2. TISSER LES RÉSEAUX : LES HÉRITIERS ET LES « HUSTLERS »

2.1. Les héritiers et les hustlers

2.1. Les héritiers et les hustlers

« The young researchers have to be kind of hustlers today », affirme Indira, mon interlocutrice, lorsque j’aborde avec elle la question des stratégies estimées nécessaires pour faire une carrière académique aujourd’hui. Pour cette universitaire établie, l’idée d’inscription dans une école de pensée et dans une lignée intellectuelle, un aspect cher du métier académique, est devenue un rêve puriste (Peirano, 1990). Nous sommes dans son bureau, un bel espace situé dans un ancien bâtiment appartenant à une université canadienne réputée.
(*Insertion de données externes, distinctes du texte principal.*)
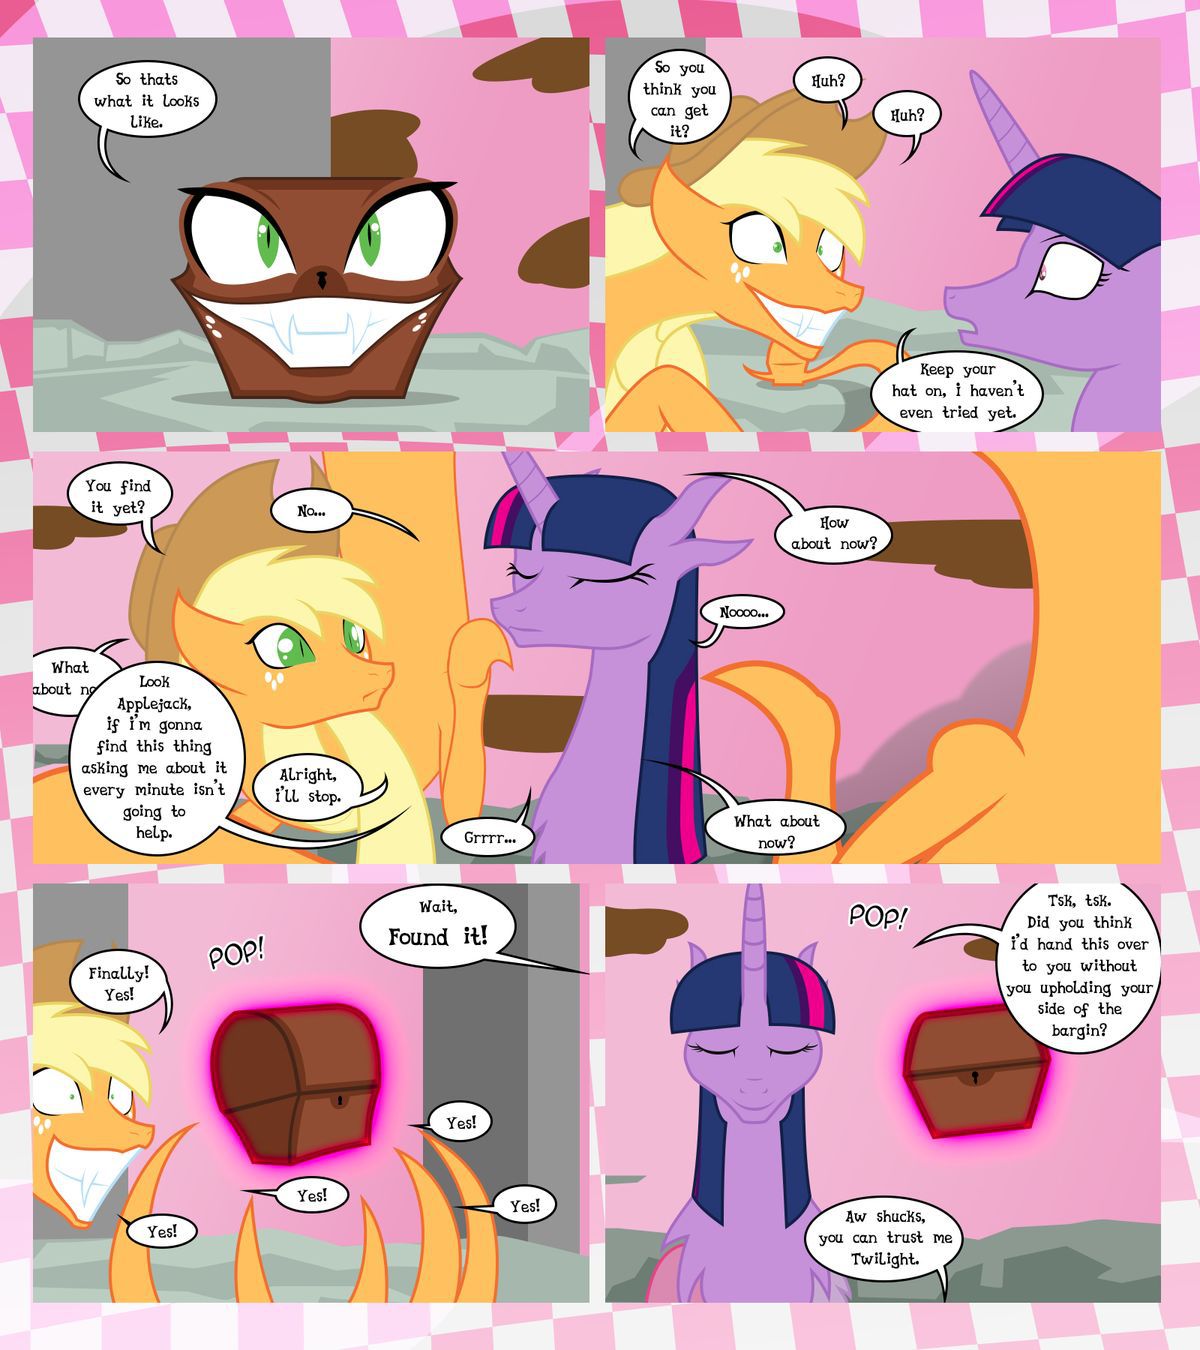 [GatesMcCloud] Cutie Mark Crusaders 10k: Chapter 3 - The Lost (My Little Pony: Friendship is Magic) [English] [Ongoing] 55

En regardant sur ma gauche, je repère de grandes étagères presque vides. Ce ne sera pas la seule fois que je visiterai un bureau qu’on dirait presque inoccupé, et toujours pour la même raison : ces chercheurs y demeurent très peu. Indira est certes rattachée à une institution canadienne, mais elle passe la plupart de son temps à New York, où elle a réalisé ses études doctorales vers la fin des années 1980 et entretient ses réseaux académiques plus importants. Elle fait des allers-retours presque hebdomadaires, me raconte mon interlocutrice alors qu’elle fait étalage des réseaux de chercheurs extrêmement prestigieux auxquels elle participe dans la ville étatsunienne et avec qui elle cultive des rapports d’amitié. Elle insiste sur les diners fréquents avec certains chercheurs très reconnus internationalement, et notoirement appartenant à une « élite » non seulement académique mais aussi économique et sociale : ici, réseaux académiques et de classe et caste se chevauchent. Dans un contexte où les réseaux s’étendent très loin, s’imposent comme le modus operandi d’organisation de la recherche et se superposent de manière à créer de véritables réseaux de réseaux (Hannerz, 1992), se nouent des mailles considérablement complexes de circulation à plusieurs niveaux.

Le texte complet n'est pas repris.